An old rowing boat high and dry on the beach at Barra

Decades ahead of his time…he saw trawling as a threat to sustainability.

Change can be painfully slow. This week the Scottish Government condemned the waste that endangers recovery of cod in the North Sea: a third of fish caught are thrown back dead according to Richard Lochhead, Scotland’s Fisheries Secretary.  Almost 80 years ago John was campaigning for sustainable fishery in Scottish waters.

The visionary Sea League was founded by Comptom Mackenzie and John Campbell on the island of Barra.  Their tactics are a model of progressive campaigning.

Without benefit of Twitter or Facebook Campbell and Mackenzie set about gaining the unanimous support of island fishing communities.  While Richard Lochead enters a new round of negotiations between EU and North Sea fishing nations, it is worth looking back at the aims and strategy of the Sea League.

Barra fisherman worked the inshore waters of the Minch by drift netting and long-lining – traditional, low intensity forms of fishing suitable to small sailing or low-powered boats. Their vessels were no match for steam trawlers from English parts dragging huge nets along the seabed on the way home from Icelandic fishing grounds. They took large quantities of fish, and the work of the Barra fish processors too.

Technically the law forbade trawling within three miles of the coast but it was not enforced. Mackenzie was incensed when he witnessed an English steamer working a mile offshore while a fisher protection cruiser carrying a government minister was anchored in Castlebay and did nothing. He sent a  telegram to the prime minister but received a noncommittal reply from 10 Downing Street and decided to take action himself. On 20 December 1933, Mackenzie formed the Sea League with himself as chairman and John as one of the secretaries. They produced a leaflet in Gaelic and English and distributed it around the island.  They wanted:

  1. A protected zone closed to trawlers for the benefit of fishermen from Barra Head to Tiree and the Butt of Lewis to Cape Wrath
  2. Increased penalties for illegal trawling and more effective policing of inshore waters
  3. Fines for illegal trawling to compensate and finance fisherman who wanted to start inshore fishing

The two men were amazed to discover that legislation from 1895 provided protection for local fishermen and covered waters up to 14 miles from the coast.  In England a dozen protected fishery districts had been established from Cornwall to the Scottish border but there were none in Scotland.  They began a petition to Inverness-shire county council to set up such districts.

Mackenzie and Campbell toured Barra and neighbouring islands of Eriskay and South Uist. When everyone who caught, bought or sold fish signed the petition they went further, to Benbecula, North Uist and Scalpay and received equally unanimous support. The movement caught the imagination of the islands. On the mainland however progress was slower.

It was 1964 before a fishery limit was established. John wrote to Mackenzie, ‘31 years almost to the day after the first Sea League meeting at Castlebay our policy had been put into effect – at least one if not two generations too late.’

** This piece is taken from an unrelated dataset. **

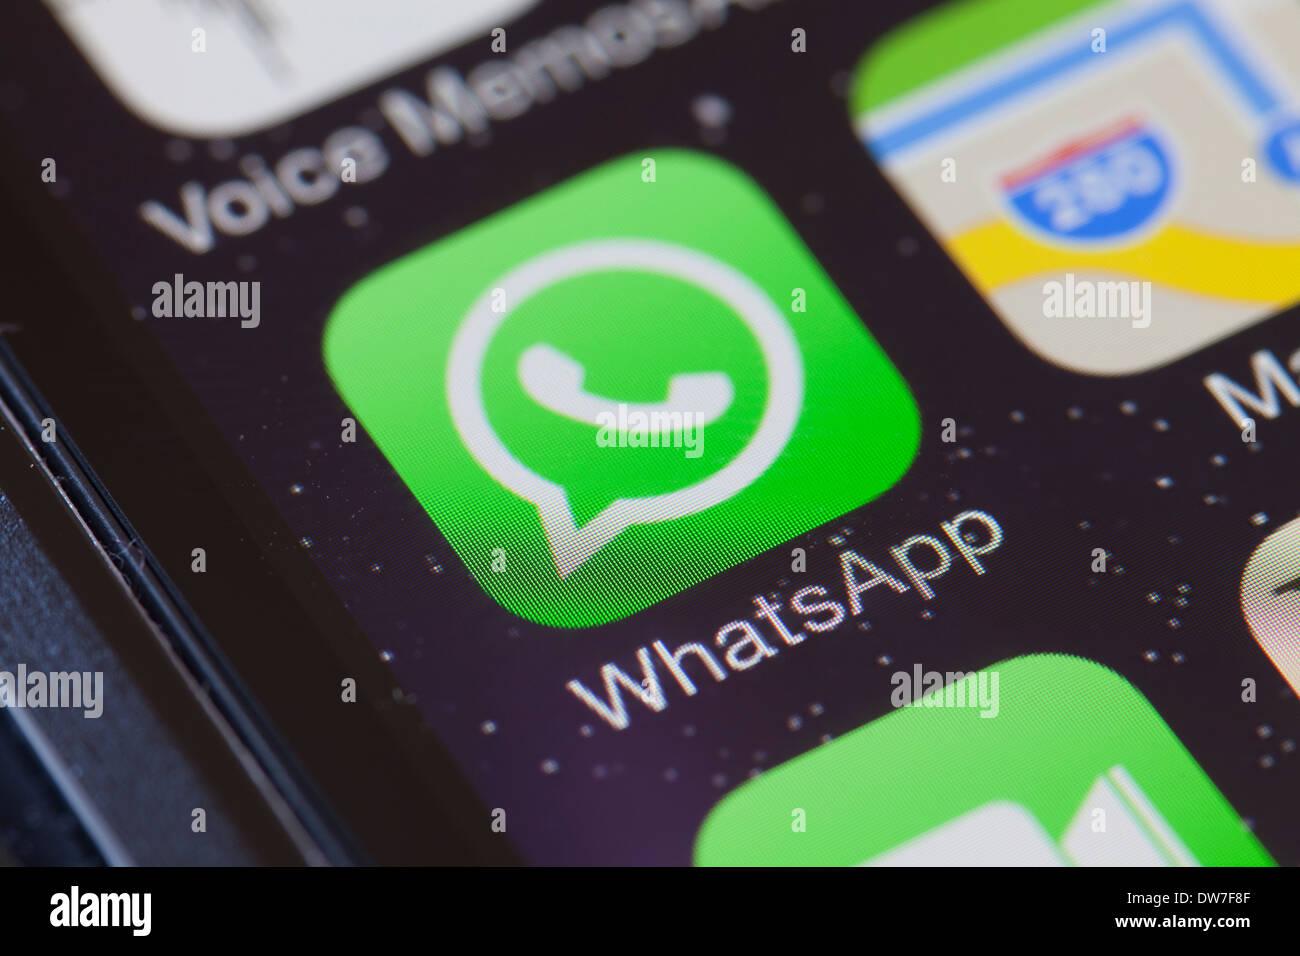 WhatsApp app icon on mobile phone. Stock Photo

He wrote later, ‘I have never been more thoroughly convinced of the justice of any cause than I was of the Sea League.’ Decades ahead of his time he also saw trawling as a threat to sustainability. Local boats using traditional methods had been fishing the Minch for countless generations. Industrial fishing was to virtually exhaust the fishery in two generations.

The 2010 Scottish Marine Act is an opportunity to protect a precious and fragile environment. But campaigners need the energy, vision and determination of John Campbell.